You know I've never been really sold on Mabe. I was aware that they were owned by GE, but their quality always seem to be sub par. I would get a stove from them, but when it comes to more complicated appliances I rather do a Whirpool, LG, Maytag, or even Samsung (though I try to avoid them as much as possible).

Costco had a similar fridge to the one I purchased, but since Elektra gave me 10% off and free shipping it was hard to say 'no'. Otherwise I would have purchased the refrigerator there.


----------



## WintheWin (Jul 15, 2015)

I've bought some major appliances from my local furniture store.

I bought a Samsung (?) Refrigerator and a GE Mini Split Unit, both green/high efficiency.

The split unit was installed by the contracted workers from the furniture store and are also authorized by the brand warranty to service/repair/replace the unit. 

Initially I had some issues, and everything was resolved through them, without needing to contact GE, I was quite satisfied.


----------



## NCas (Sep 9, 2013)

**Update**

So I purchased a refrigerator from the Elektra website where they offered a good price and free shipping. A day after my payment had gone thru I saw that they would be shipping my refrigerator from Mexico City all the way to Tijuana, estimated time 2-8 business days. The refrigerator arrived a couple of days ago and my father was home to received it. It was one lone kid making large deliveries to homes. My father notice a huge scratch going running across the front of the refrigerator and rightly refused it. 

I got home and told Elektra that the unit was refused due to the damages. From the way my father described it, it looked like something had fallen and hit the refrigerator. I requested a refund but they stated that they could not begin to process the refund until they refrigerator arrived to their designated warehouse (in Tijuana). They said they had to wait for the shipping company to bring it in and weren't sure how long it would take. They even indicated that if it could be a while before the shipper returned the item to their facility and that they could not do anything about it. I pointed out that my refusal to take the unit was even indicated in the delivery companies website, but they still had to wait. 
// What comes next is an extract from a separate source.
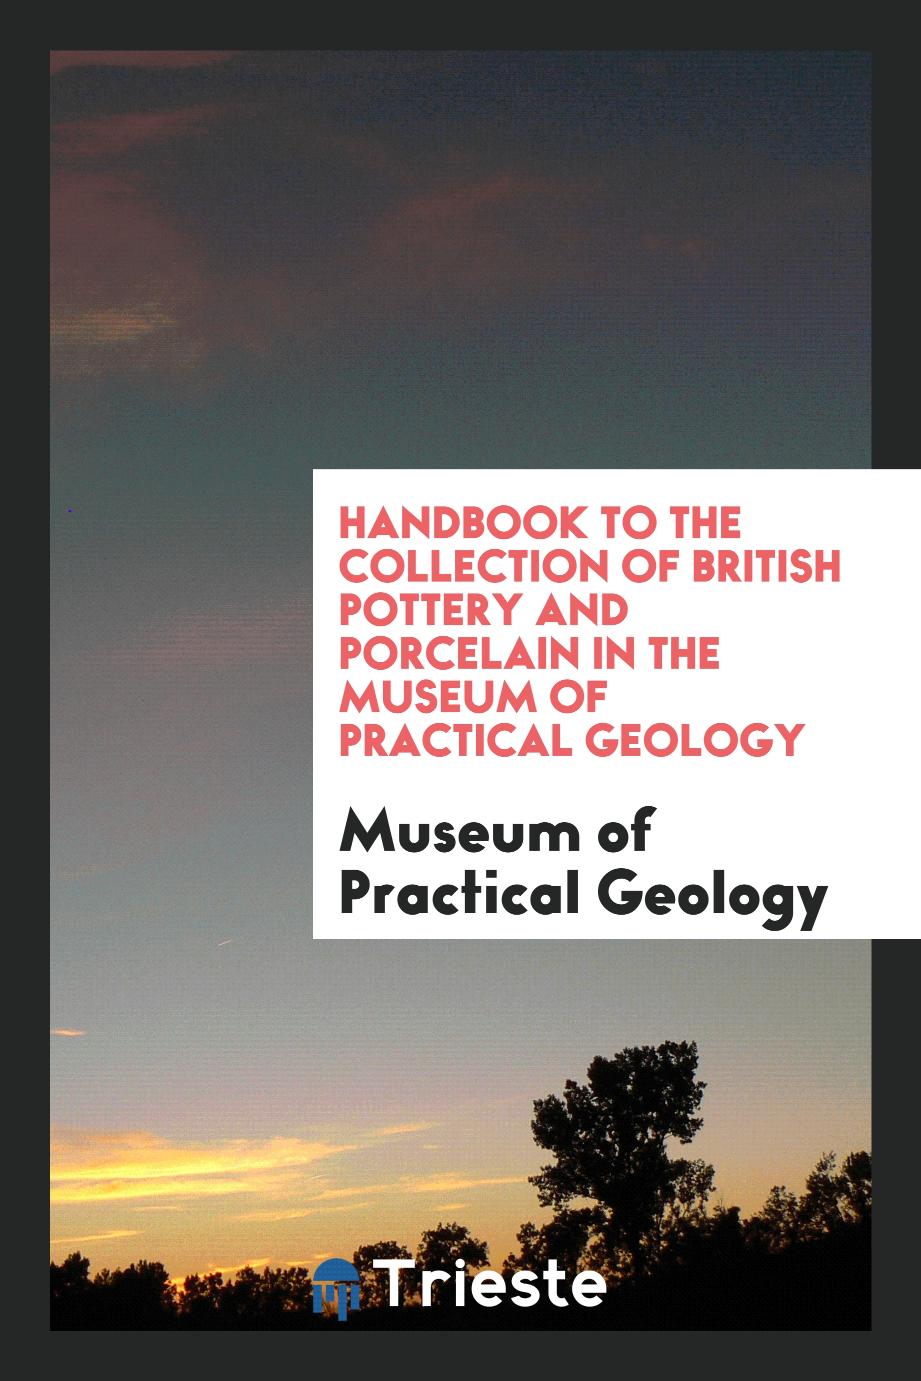 Handbook to the Collection of British Pottery and Porcelain in the Museum of Practical Geology

So my second dealing with Elektra went more or less like the previous time. If it haden't been for the damage this would have been okay. However at the same time I'm not sure why they had to ship the refrigerator out of Mexico City. It is a long way to travel and a lot can go wrong specially if it is consolidated shipping. Elektra stores are pretty common so it is hard to believe a closer one did not have the same make and model. But at least I gained some experience and will know for next time.


----------



## ElPocho (Aug 25, 2017)

Anonimo said:


> We've been very satisfied buying a large fridge and a chest freezer from Costco in Morelia, Mexico.
> 
> 
> IMO, the upper level io Mabe stoves are over designed.


Anonimo, great minds think alike!!!

That is the way I'd go for durability. Chest freezers are the best. Fancy refrigerators will always have parts that are expensive and hard to get serviced in Mexico. IMHO.


----------